The modest Short, that played in great arenas in front of 20,000 fans in the NBA, didn’t felt uneasy with Osishkin’s small size or the heat and moisture in it. “it doesn’t matter where you play basketball, in the Palace in Detroit or small Osishkin in Tel Aviv, as long as you play your best and in Israel they used to play good basketball. I remember Jonathan Dalzell, Tomer (Steinhaur) and the point-guard Amos (Frishman) as good players. I had success in the league, not because it was weak. Simply, I knew how to get the best of my advantages and Ralph helped me a lot with that.
“Actually, I think Ralph could be an NBA coach. He was for sure one of the best coaches that I ever worked with.
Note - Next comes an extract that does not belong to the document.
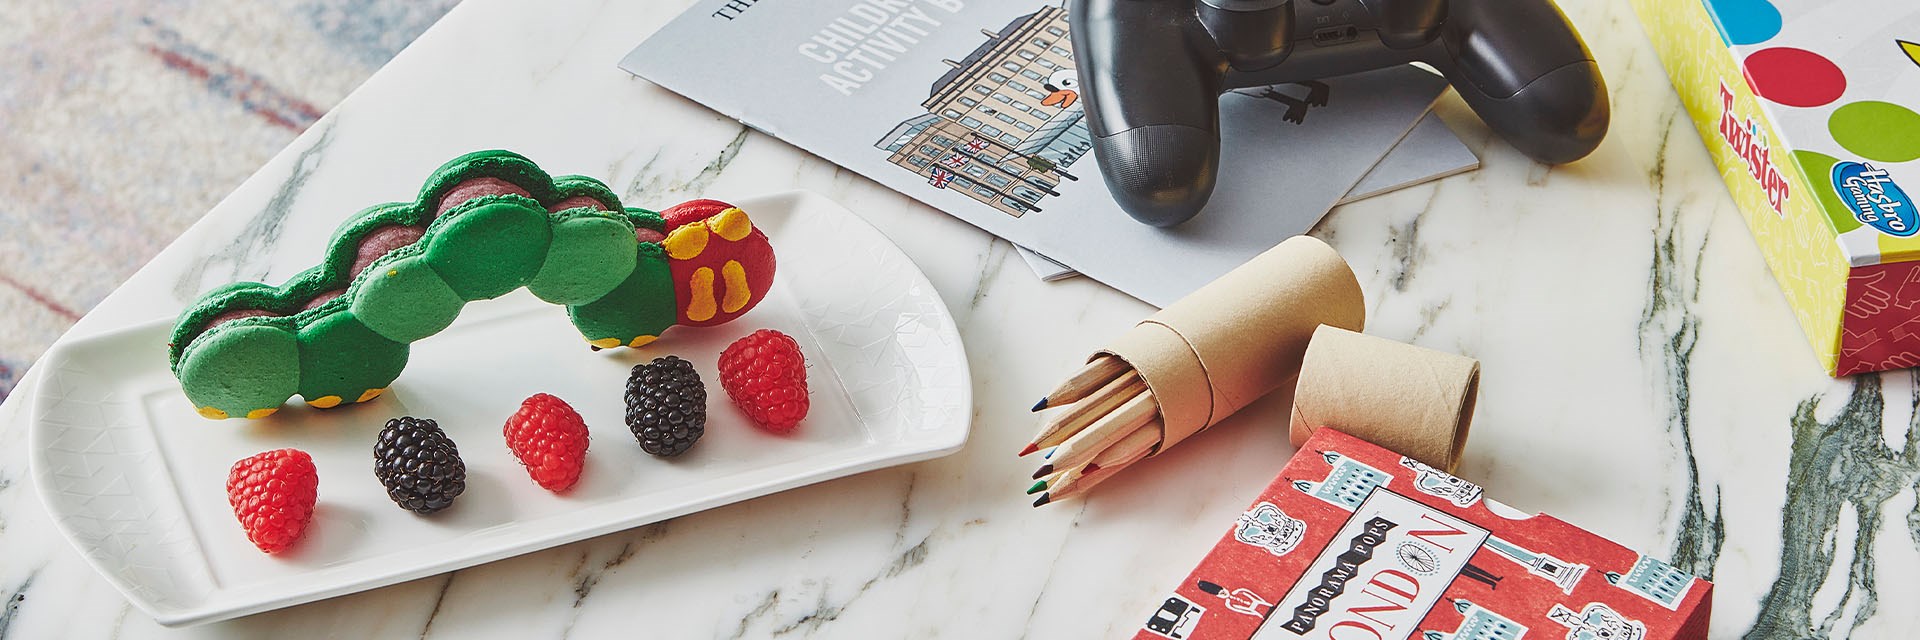 Caterpillar made from macarons, colouring pencils, game console controller, Children's activity book and twister board game on table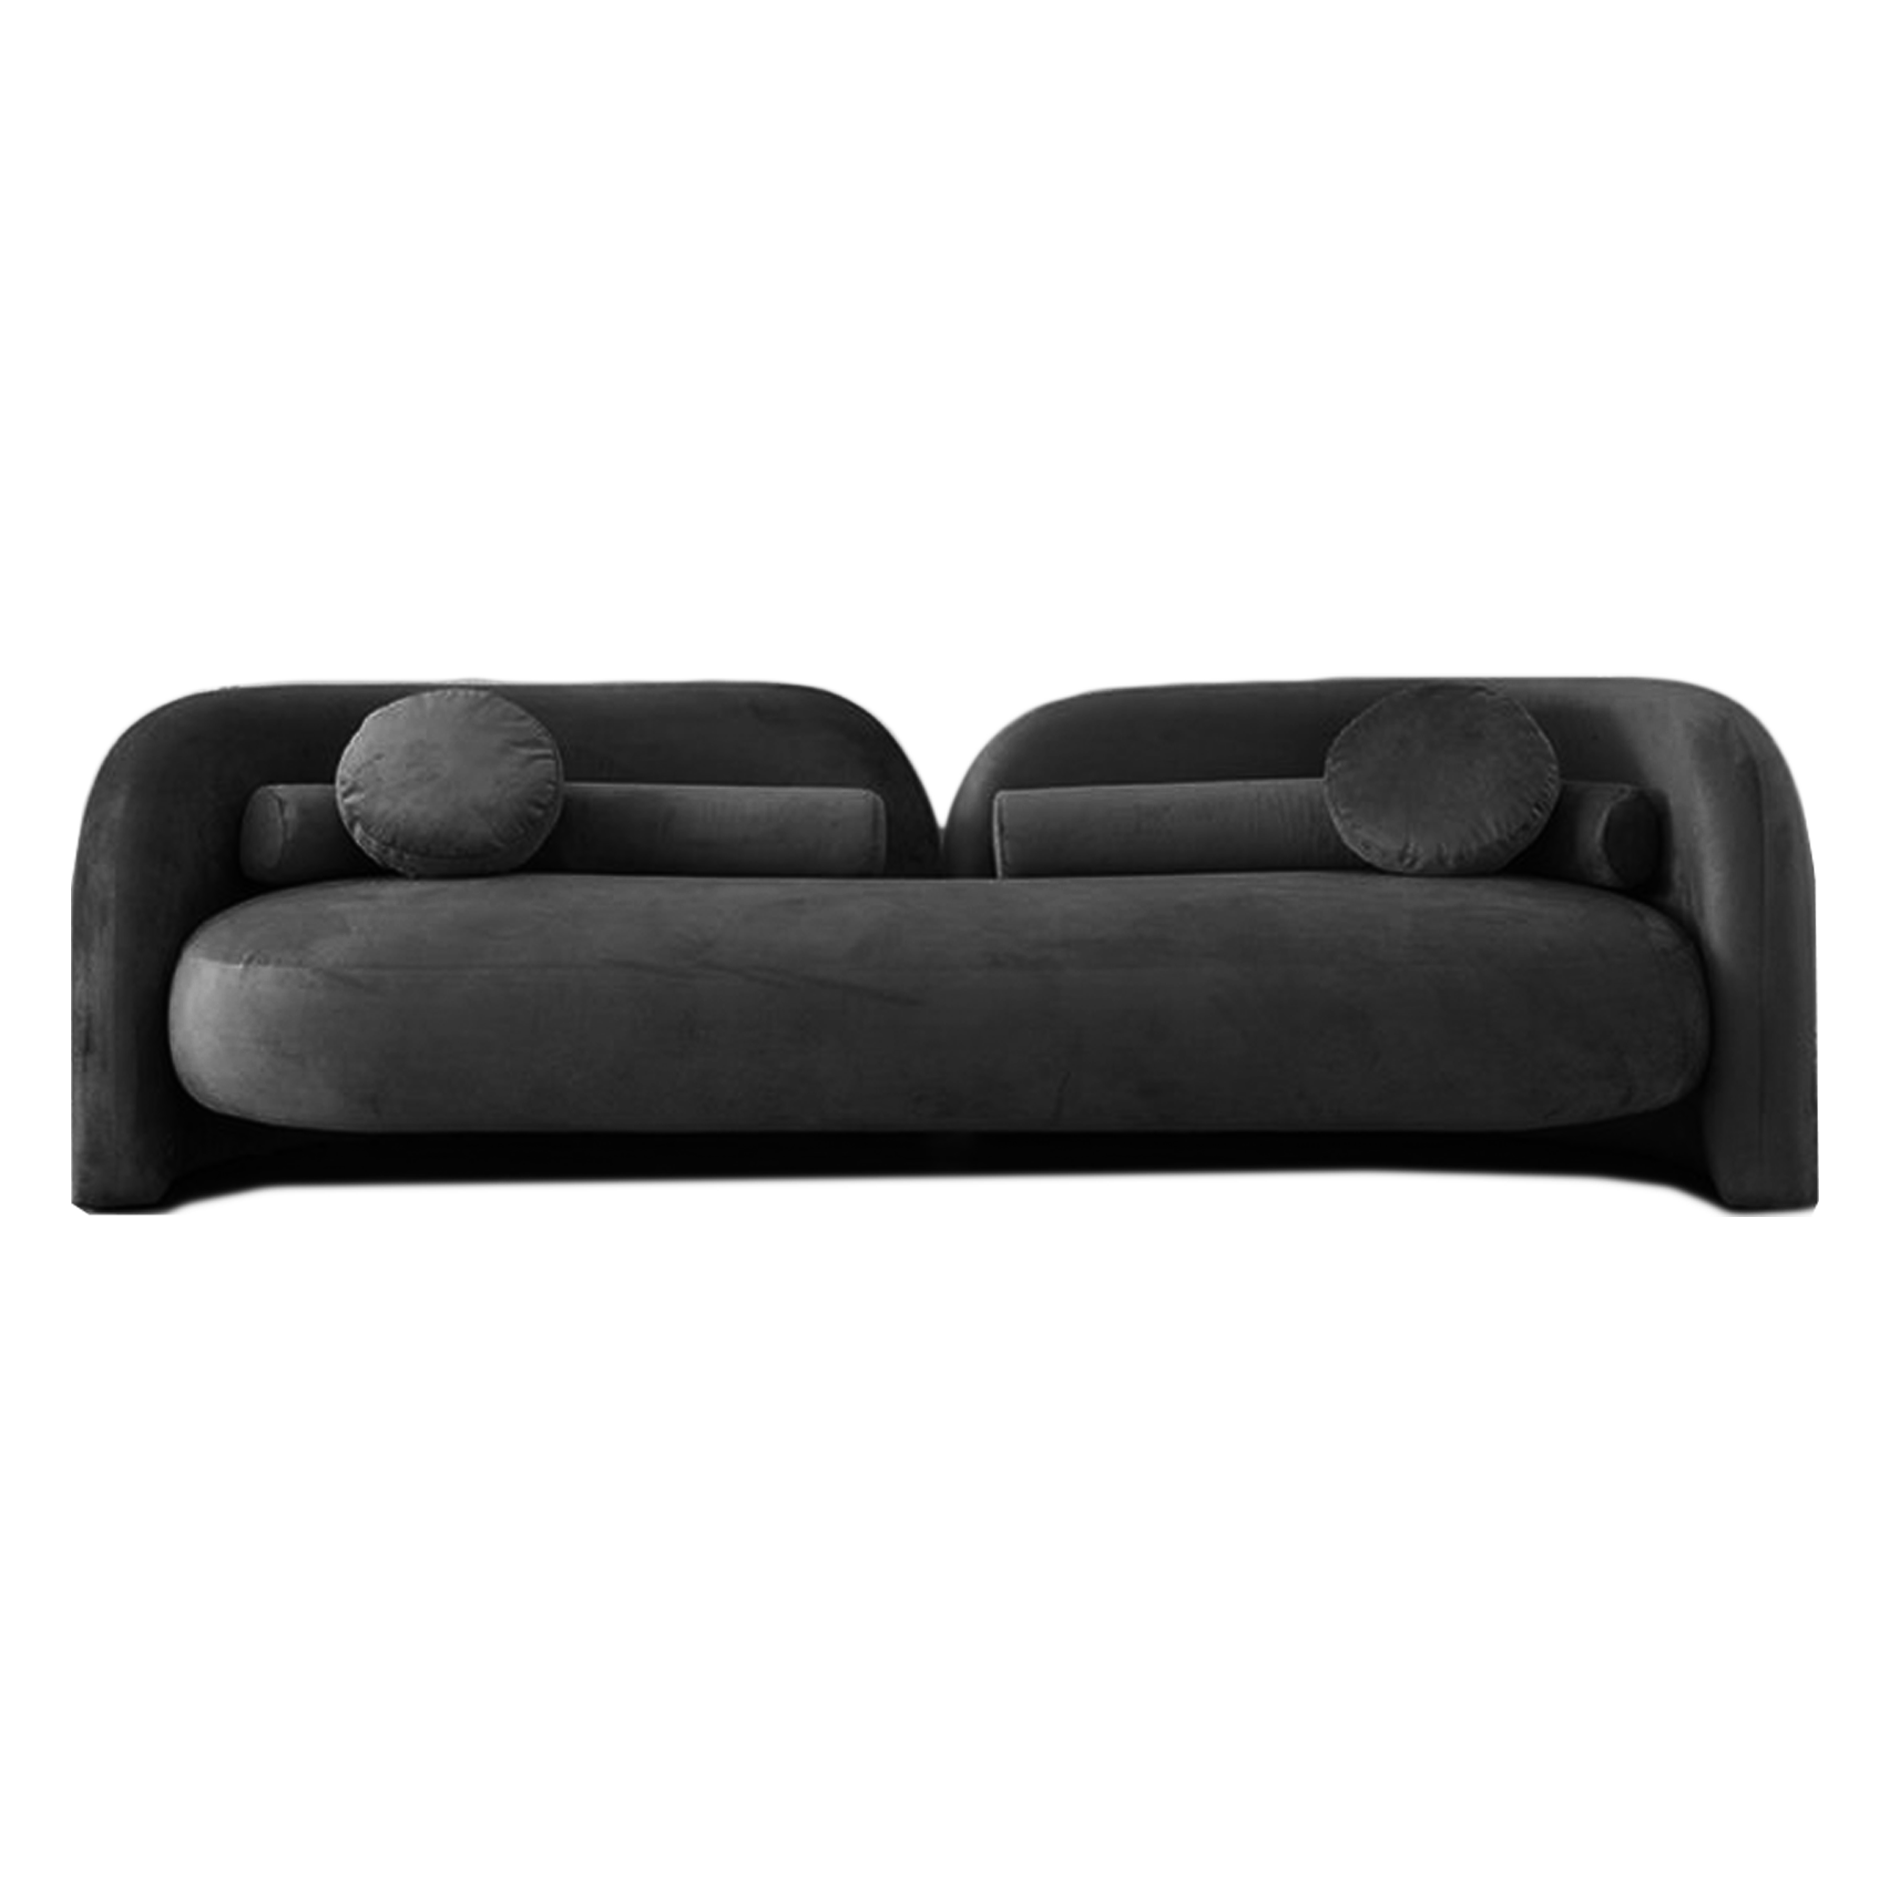 contemporary velvet upholstery sofa in black, featuring deep cushioning and elegant tufted backrest, perfect for luxurious event seating

I have to give him the credit for the way I got involved with the team and the way I could still keep on and play at the highest level, baring my age”, admits Short, and it shows he still has a lot of appreciation of his former coach. “Ralph was a coach that knows his players and relate to them and he knows a lot about the game. I still talks highly of him here”.
Short is saddened when he hear the news that Klein is battling cancer and says: “I want to tell Ralph that he is in the thoughts and prayers of me and my family. I want to thank him for the his contribution to my life and for the nice time I had beside him. I want to strengthen him and hope he’ll beat the disease and I’m going to make sure of that, when I’ll come for a visit”.
- So when do you intend to return to Israel?
“It is something I truly consider. Israel is a great country and I tell it to everybody. The people accepted me warmly, and I’ll always remember it as a good experience. I can’t think about one best thing about Israel. It was one of the meaningful and joyful times of my life”.